Acteur, metteur en scène de théâtre, auteur dramatique, romancier, librettiste d’opéra, Jean Gruault a marqué l’histoire du cinéma par son travail de scénariste. S’il avait écrit pour des réalisateurs tels que Robert Enrico ou Gavin Millar, il était surtout de la famille de la nouvelle vague (via Rossellini, Rivette, Truffaut) et, plus globalement, des « cinéastes de la modernité » des années 1960 aux années 1980 (Alain Resnais, Jean-Luc Godard, André Téchiné, Chantal Akerman, René Féret, etc.) Sa conception du métier de scénariste s’opposait radicalement à celles de nombre de ses prédécesseurs : « Quand je fais un scénario, ce ne sont pas seulement les dialogues qui m’intéressent, mais les possibilités de mise en scène. »

Jean Gruault est né le 3 août 1924 à Fontenay-sous-Bois, dans une famille aisée. L’enfant est d’une imagination foisonnante, nourrie par d’abondantes lectures et les séances de Guignol et de Pathé-Baby organisées par son grand-père, en attendant le cinéma sur grand écran, surtout King Kong. Lorsque sa famille s’installe à Beauséjour, une propriété en Anjou, le jeune Gruault la peuple de ses personnages favoris et s’invente un double fabuleux, Roger Bick, super-héros pour lequel il imagine ses premiers scénarios. Après la Libération, il passe trois ans au séminaire puis revient au théâtre, découvert au lycée, et qu’il pratiquera en professionnel jusqu’en 1960, époque où il milite au Parti communiste avec son ami Charles Denner. Entre-temps, il a rencontré la « bande » des Cahiers du cinéma, se liant tout particulièrement avec Jacques Rivette, puis François Truffaut.

Un personnage de Paris nous appartient, premier long-métrage de Rivette (1958), dont il écrit avec lui le scénario, parfois au jour le jour, livre une clé du travail futur de Jean Gruault. Le Périclès de Shakespeare, dit-il, est fait « de pièces et de morceaux, mais tout se lie sur un autre plan ». Plus tard, c’est à partir de son adaptation montée avec succès au théâtre que Rivette réalise en 1966 Suzanne Simonin.La Religieuse de Diderot, un film auquel la censure donnera un retentissement inattendu.

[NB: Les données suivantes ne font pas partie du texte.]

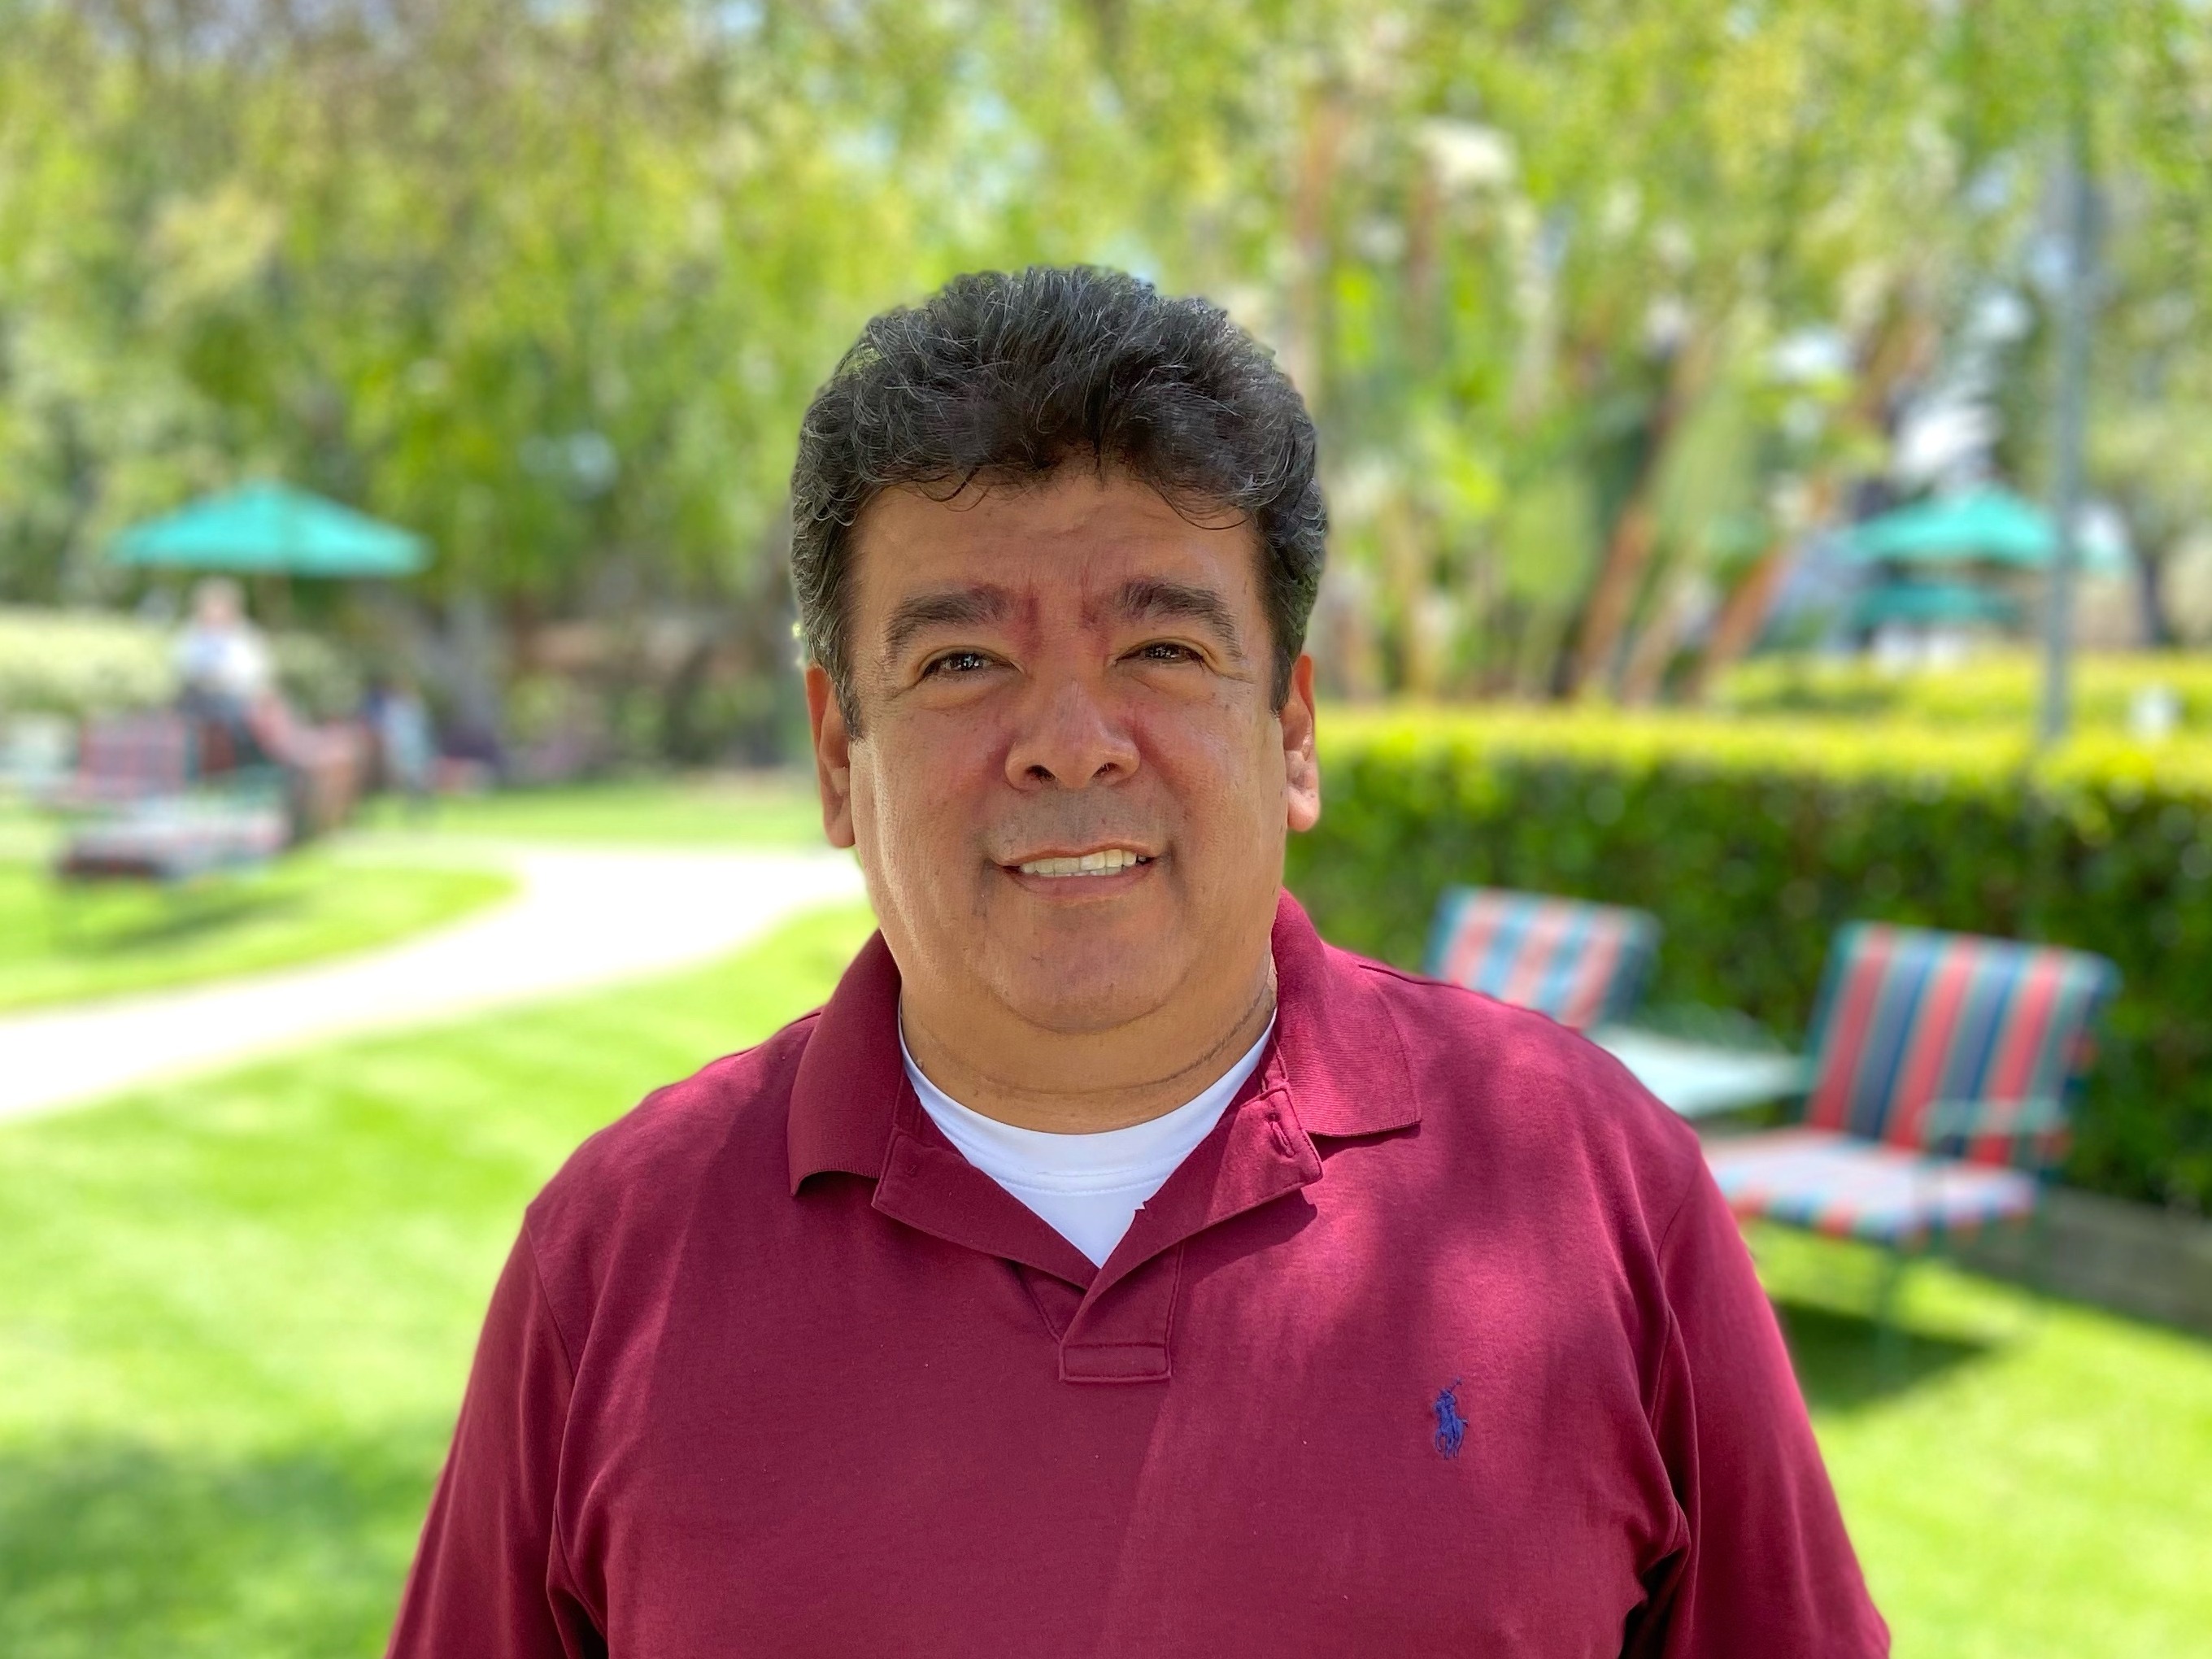 OHI’s director of guest services, Guillermo Romero, focuses on creating holistic retreats for you.

En 1961, Truffaut envoie Jean Gruault au secours de Roberto Rossellini en panne de scénario pour Vanina Vanini, dont le tournage à Cinecittà doit commencer quelques jours plus tard. Le scénariste-assistant découvre à quel point travailler avec Rossellini, c’est vivre dans l’incertitude. Naît ainsi une amitié qui ne s’éteindra qu’avec la mort du cinéaste, avec plus de projets que de réalisations. Le seul fruit concret en sera la magnifique Prise de pouvoir par Louis XIV (1966), alors que ni l’un ni l’autre ne se sentaient d’affinités avec le personnage.

« Si c’est un film qui demande beaucoup de documentation, de livres à lire, de recherches à faire, je le ferai avec Gruault », expliquait Truffaut. De fait, Jules et Jim(1961), L’Enfant sauvage (1970), Les Deux Anglaises et le continent (1971), L’Histoire d’Adèle H. (1975) et La Chambre verte (1978), sans oublier des projets repris par d’autres par la suite, comme Marguerite et Julien, de Valérie Donzelli (2015), sont des « films d’époque ». Mais la très longue gestation de chaque scénario – souvent plusieurs années – tient aussi largement au fait que chacun d’eux constitue une gageure. Ainsi, comment condenser de façon dramatique et cohérente les six mille pages du journal d’Adèle Hugo ?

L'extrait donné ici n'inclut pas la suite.